ABOUT THIS EXERCISE
Once the line containing "Early 20th century" is found, please copy it and all lines after it through the end of the records, exactly, leaving out pictures.

DATASET ENTRIES
┄┄┄┄┄┄
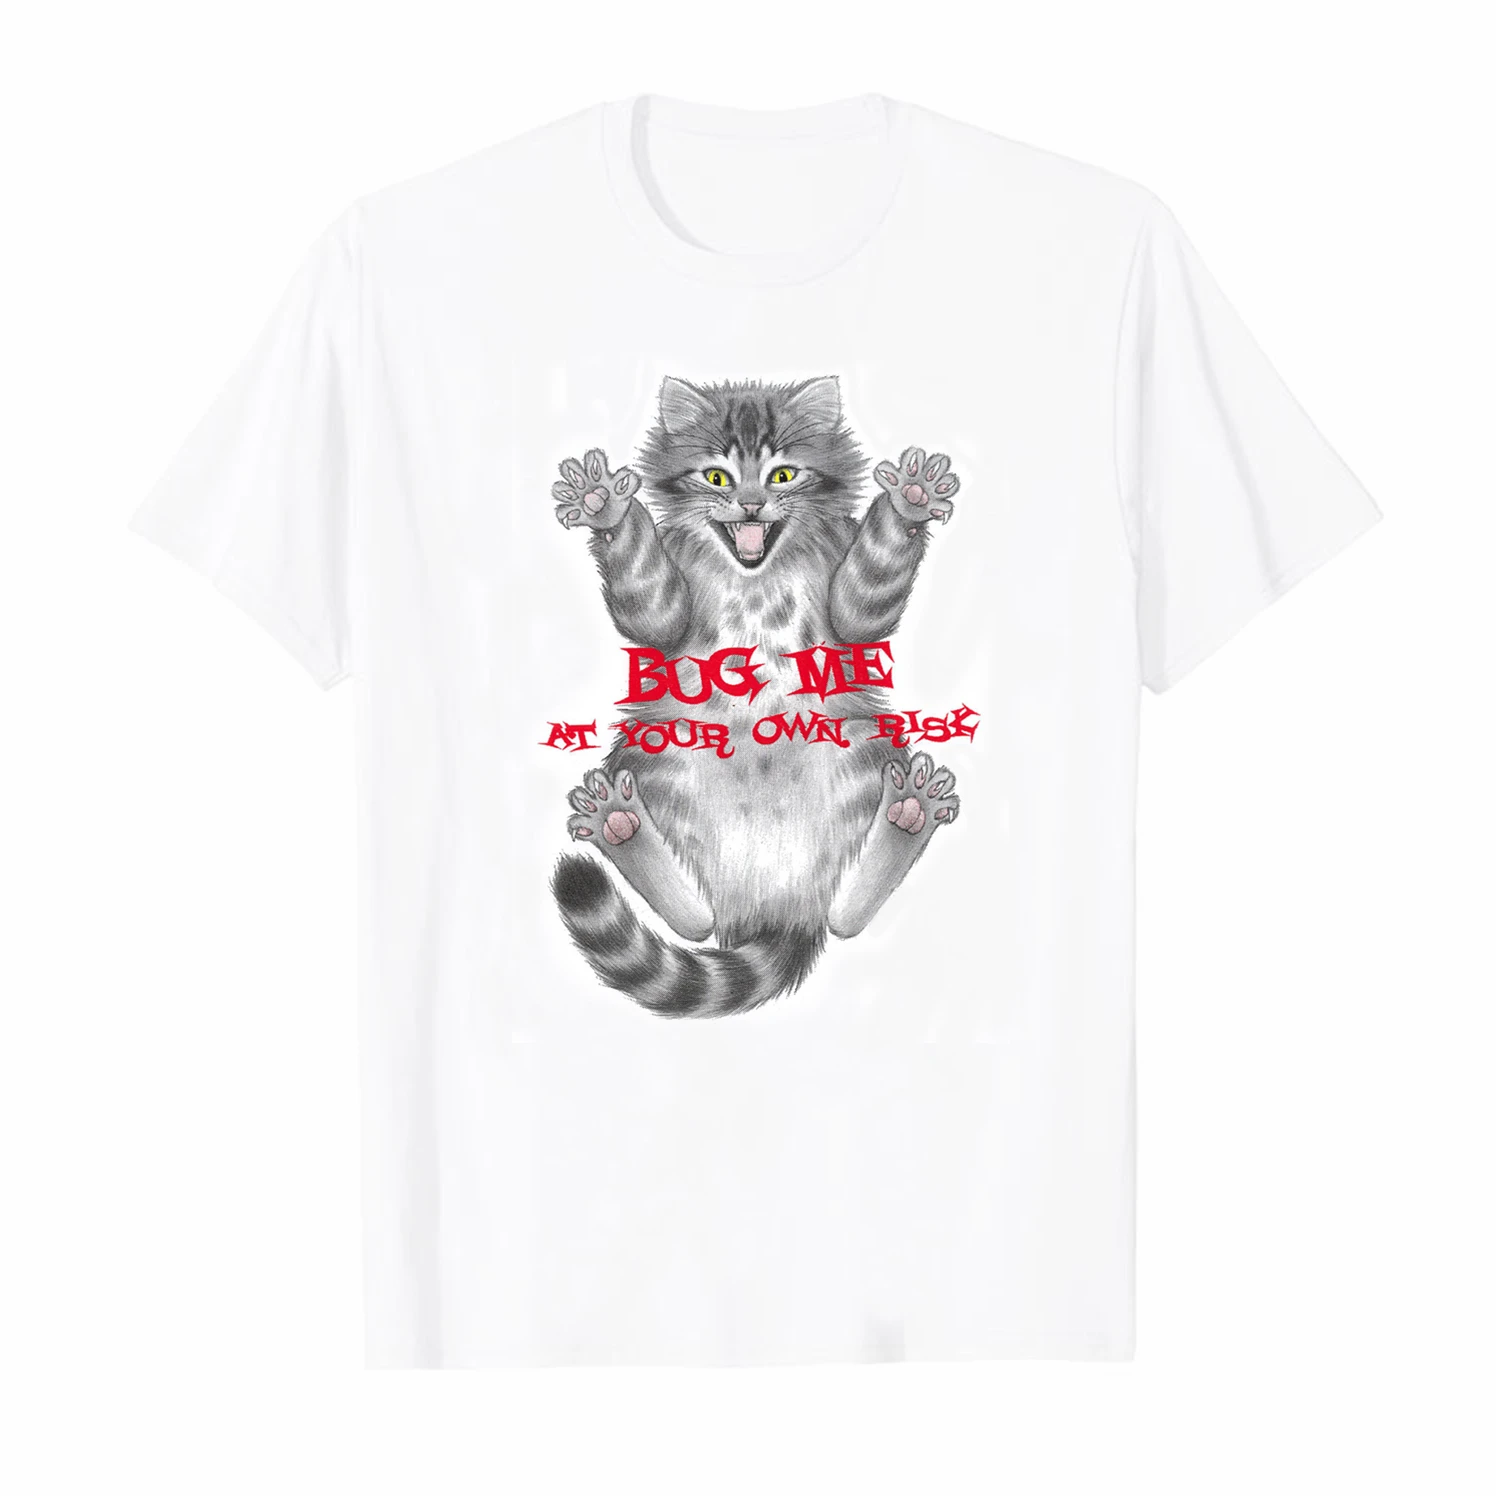 

Bug Me At Your Own Risk. Stressed Out Cat Funny Graphic Mens T-Shirt. Summer Cotton Short Sleeve O-Neck Unisex T Shirt New S-3XL
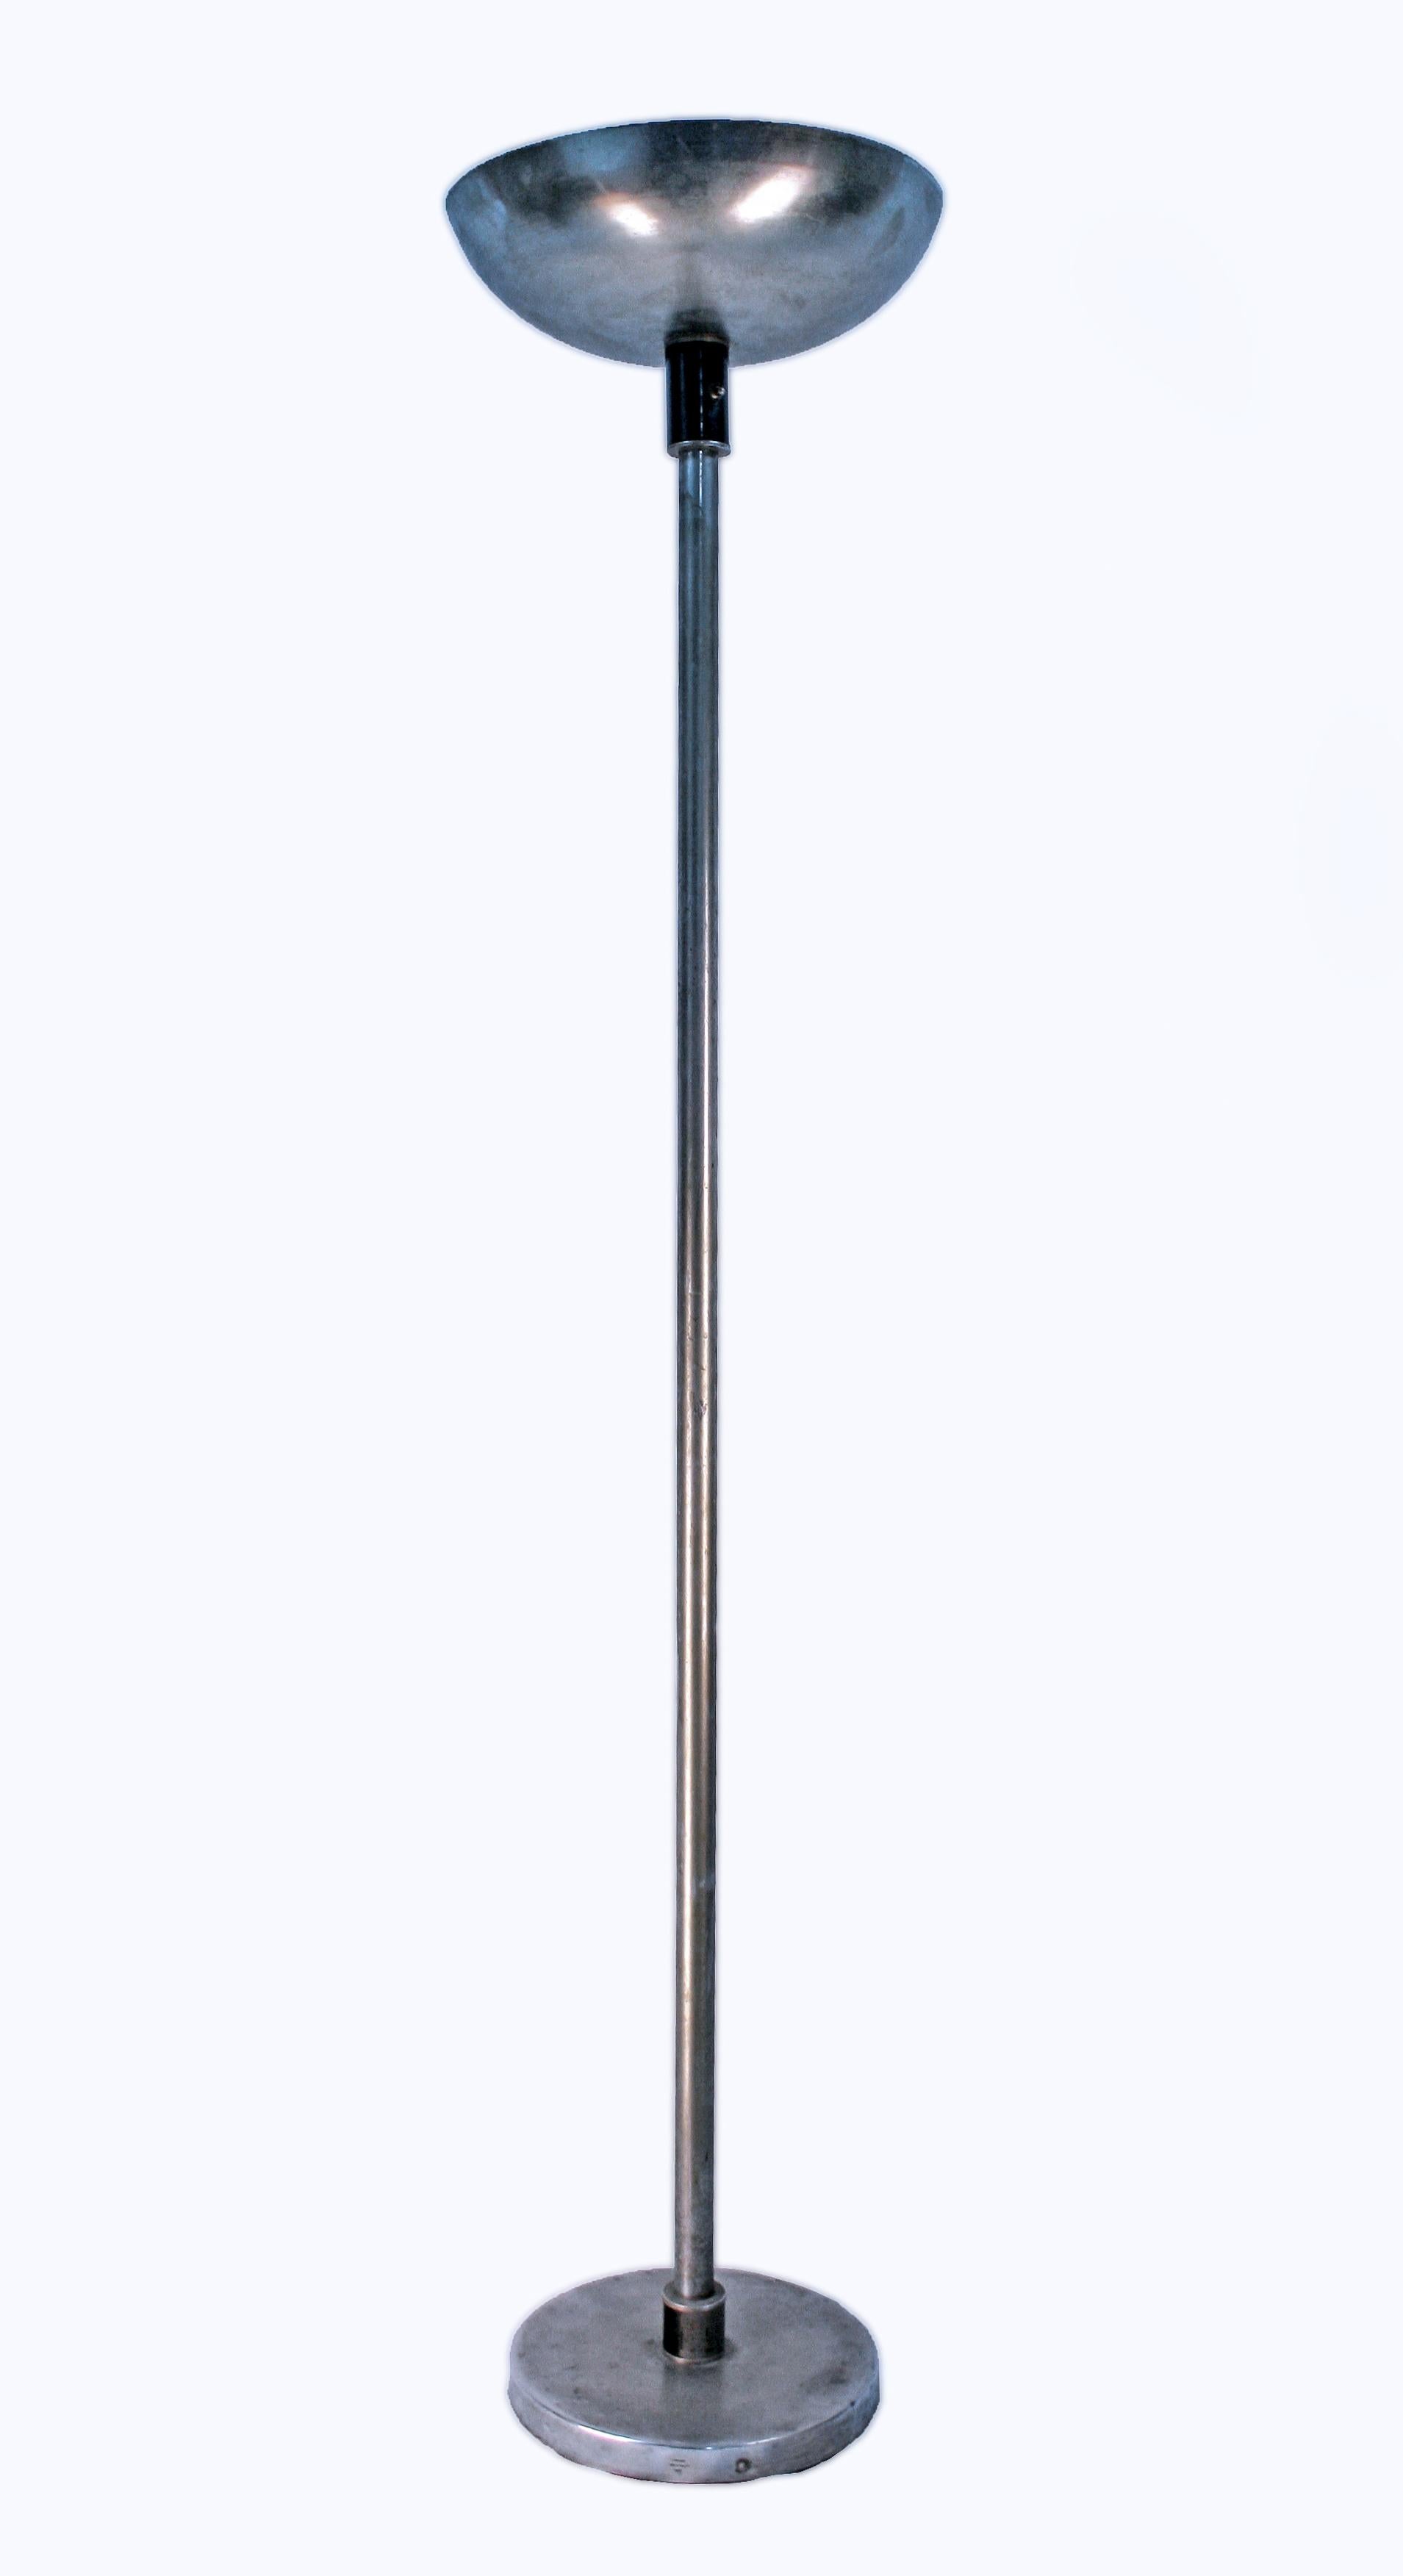 Early 20th century Art Déco french design polished nickel plated chrome floor lamp by La Maison Desny

By: La Maison Desny
Material: chrome, cord, metal, nickel
Technique: plated, metalwork, cast, polished
Dimensions: 16 in x 69 in
Date: early 20th
┄┄┄┄┄┄
WORKED SOLUTION
 Early 20th century Art Déco french design polished nickel plated chrome floor lamp by La Maison Desny

By: La Maison Desny
Material: chrome, cord, metal, nickel
Technique: plated, metalwork, cast, polished
Dimensions: 16 in x 69 in
Date: early 20th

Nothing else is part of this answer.